Counts data from multiple samples of a single primary breast cancer obtained by deep, next-generation sequencing. The file is consist of two matrices Dt and Dc which contain the counts of the alternative alleles, and the total number of counts on each genomic loci for every tumor samples, accordingly.

Usage

data(breastCancer)

Format

A list containing 2 matrices.

Details

Each matrix contains counts of reads mapped to 17 genomic loci for 12 tumor samples where the column A5-2 corresponds to the normal sample.

References

Inferring clonal composition from multiple sections of a breast cancer, Zare et al., Submitted.

See Also

Clomial

Examples

data(breastCancer)
breastCancer$Dt

Chooses the best trained Clomial model.

Description

Given the output of Clomial function, the likelihoods of all models are compared, and the best model is determined.

Usage

choose.best(models, U = NULL, PTrue = NULL, compareTo = NULL, upto =
"All", doTalk=FALSE)

Arguments

models

The models trained by Clomial function.

U

The optional genotype matrix used for comparison.

PTrue

The optional clone frequency matrix used for comparison.

compareTo

The index of the model against which all other models are compared. Set to NULL to disable.

upto

The models with index less than this value are considered. Set to "All" to include every model.

doTalk

If TRUE, information on number of analyzed models is reported.

Details

If compareTo, U, and PTrue are NULL no comparison will be done, and the function runs considerably faster.

Value

A list will be made with the following entries:

err

A list with 2 entries; err$P and err$U the vectors of clonal frequency errors, and genotype errors, accordingly.

Li

A vector of the best obtained log-likelihood for each model.

bestInd

The index of the best model in terms of log-likelihood.

comparison

If compareTo is not NULL, the result of comparison with the corresponding model is reported.

bestModel

The best model in terms of log-likelihood.

seconds

A vector of the time taken, in seconds, to train each model.

Note

When the number of assumed clones, C, is greater than 6, the comparison will be time taking because all possible permutations of clones should be considered.

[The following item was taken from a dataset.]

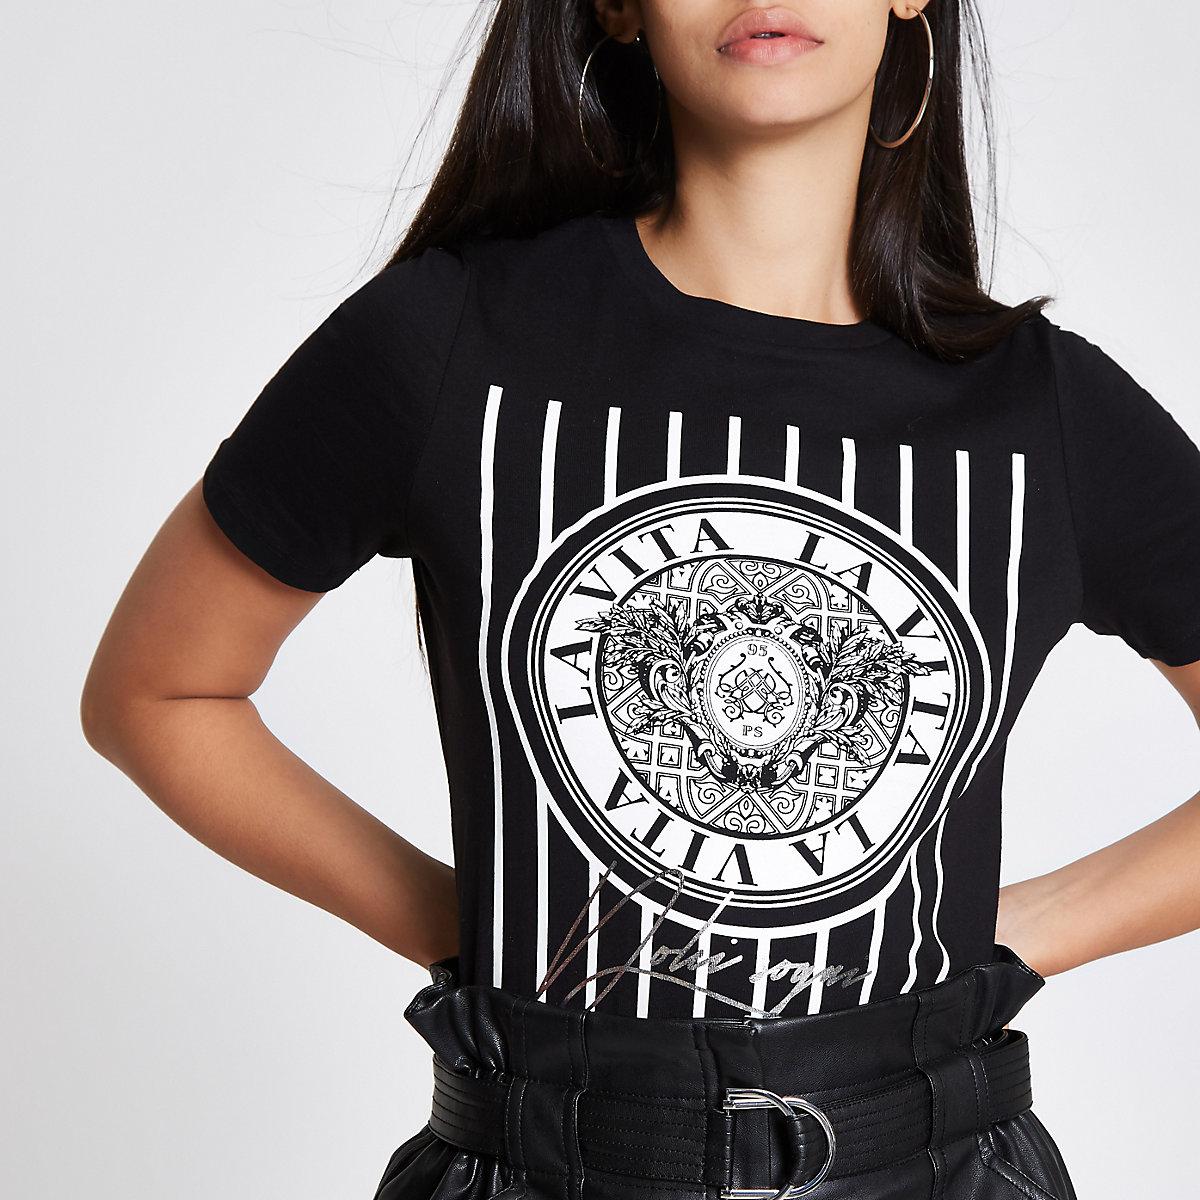 Zwart T-shirt met 'La Vita'-print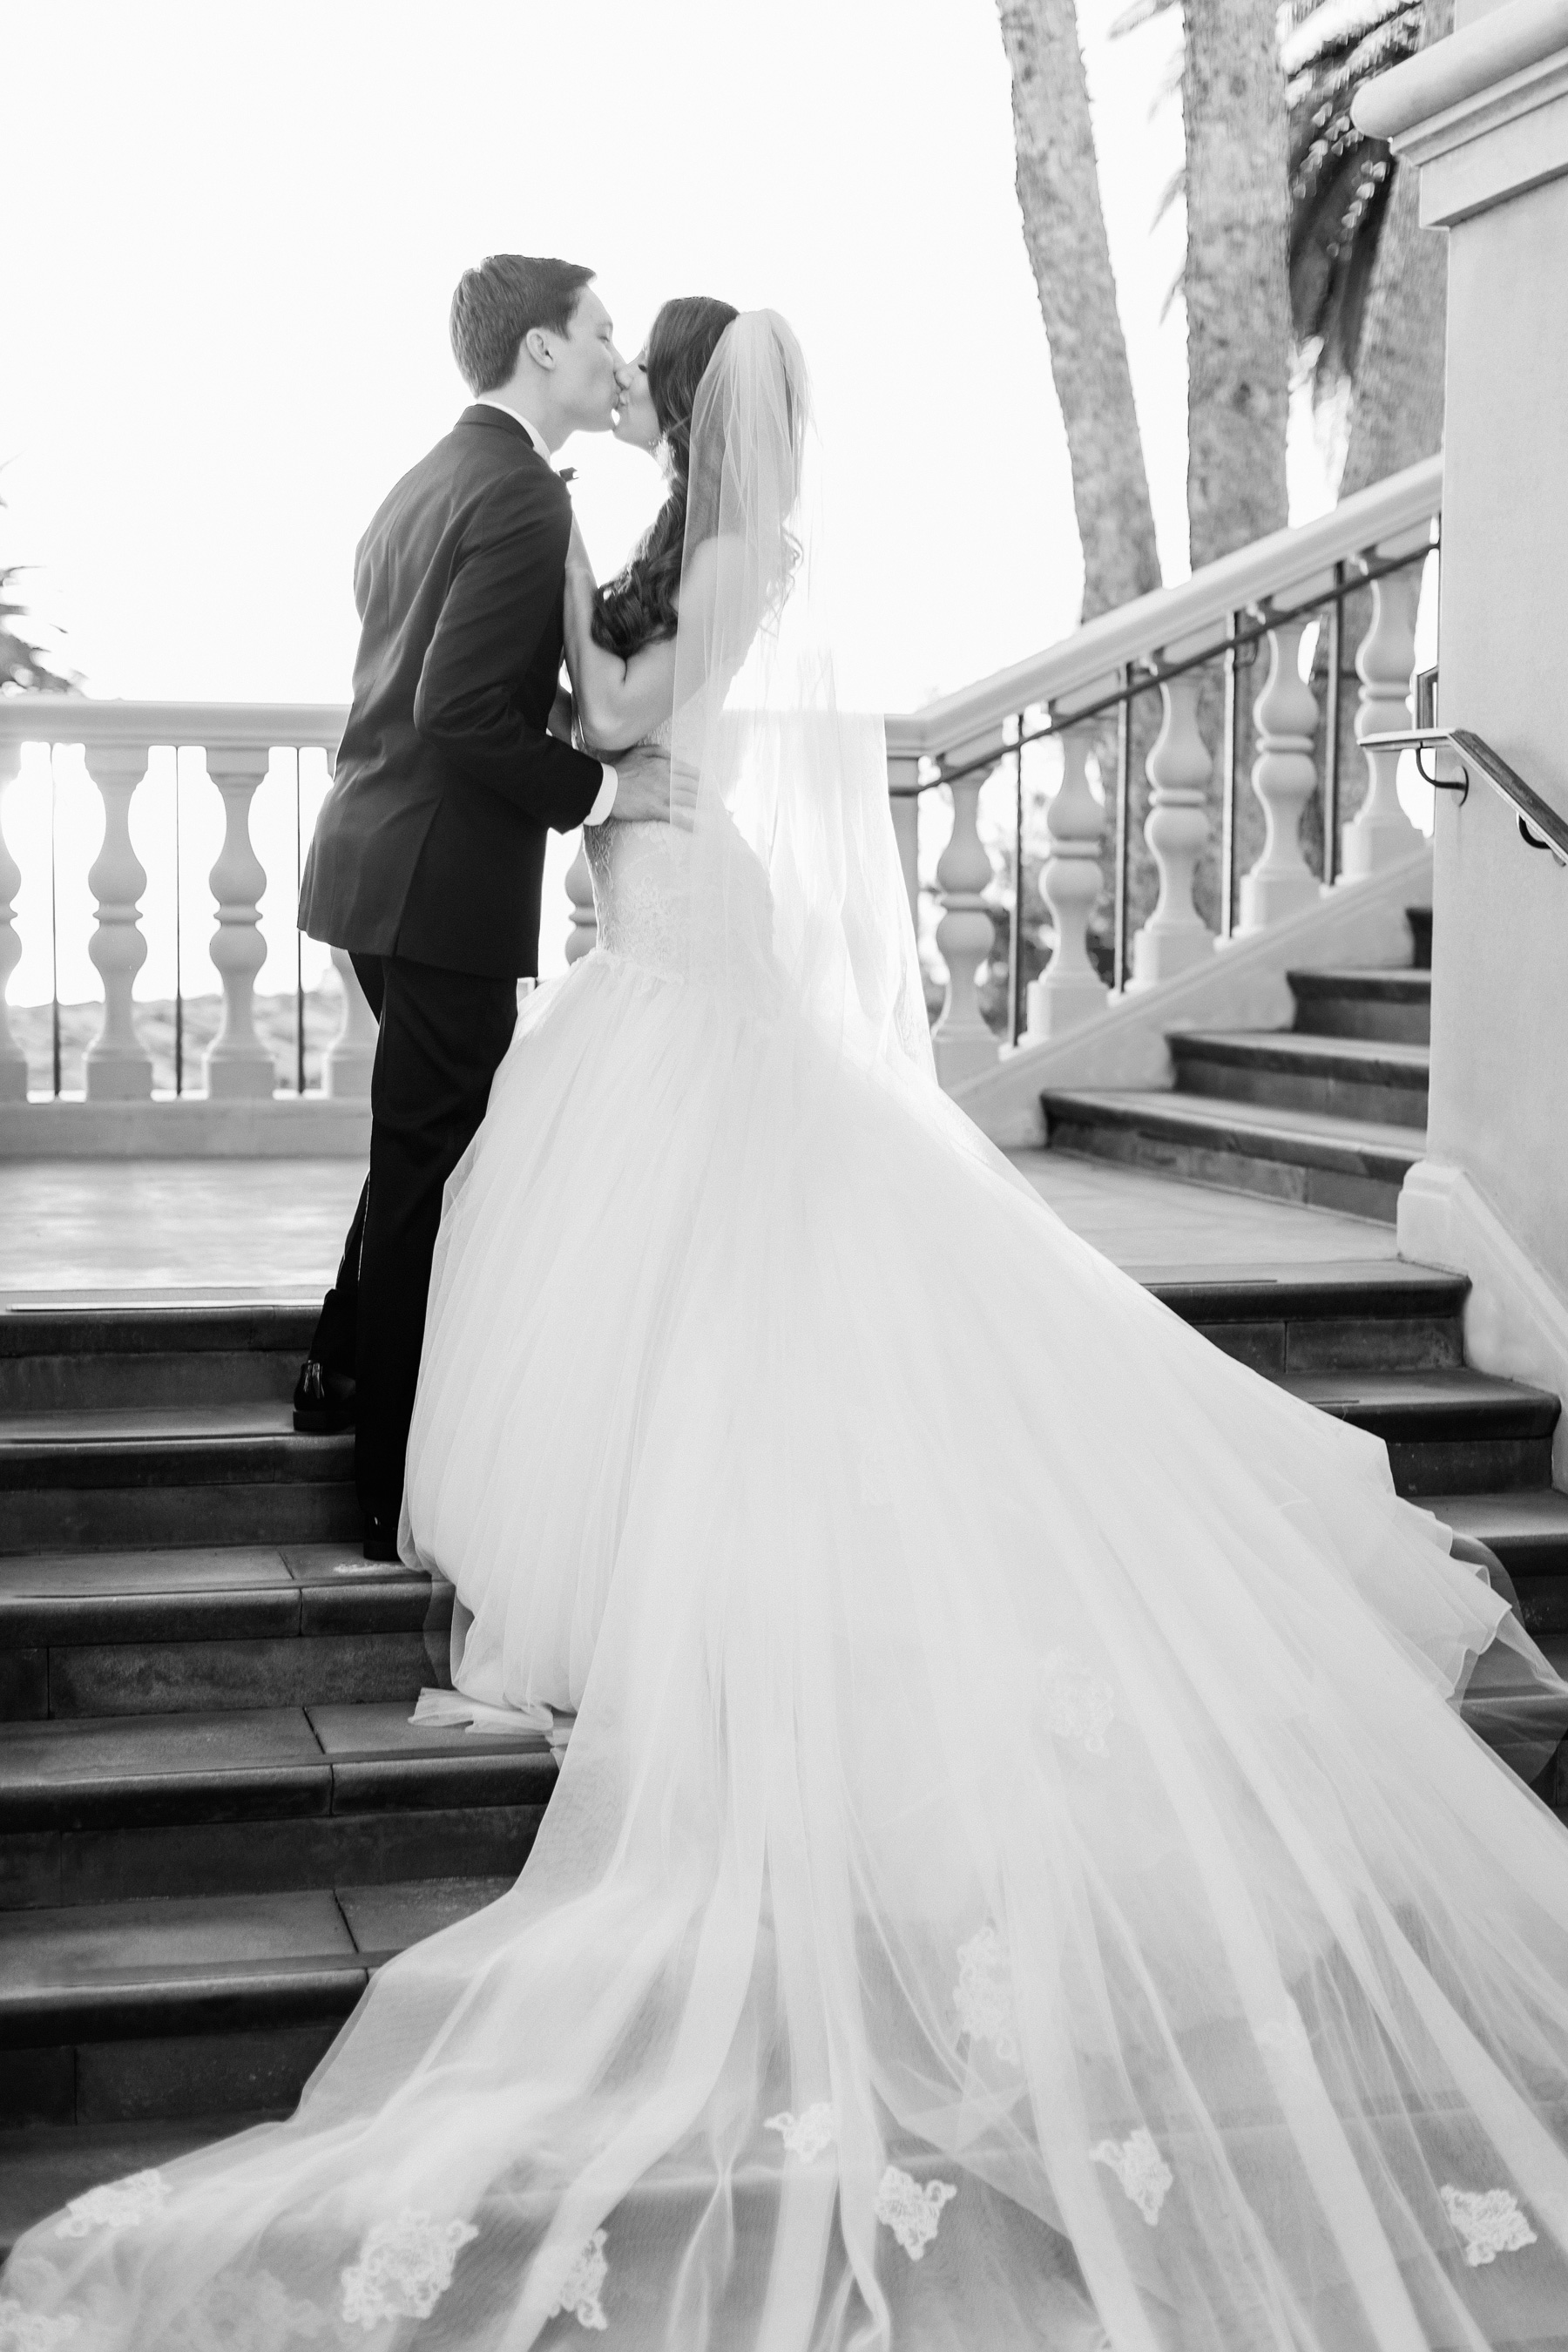 Pelican-hill-wedding-25.JPG

The running time will be slowed down by C!.

Author(s)

Habil Zare

References

Inferring clonal composition from multiple sections of a breast cancer, Zare et al., Submitted.

See Also

Clomial, Clomial.likelihood, Clomial.iterate

Examples

set.seed(4)
data(breastCancer)
Dc <- breastCancer$Dc
Dt <- breastCancer$Dt
ClomialResult <-Clomial(Dc=Dc,Dt=Dt,maxIt=20,C=4,doParal=FALSE,binomTryNum=5)
chosen <- choose.best(models=ClomialResult$models)
M1 <- chosen$bestModel
print("Genotypes:")
round(M1$Mu)
print("Clone frequencies:")
M1$P
bestInd <- chosen$bestInd
plot(chosen$Li,ylab="Log-likelihood",type="l")
points(x=bestInd,y=chosen$Li[bestInd],col="red",pch=19)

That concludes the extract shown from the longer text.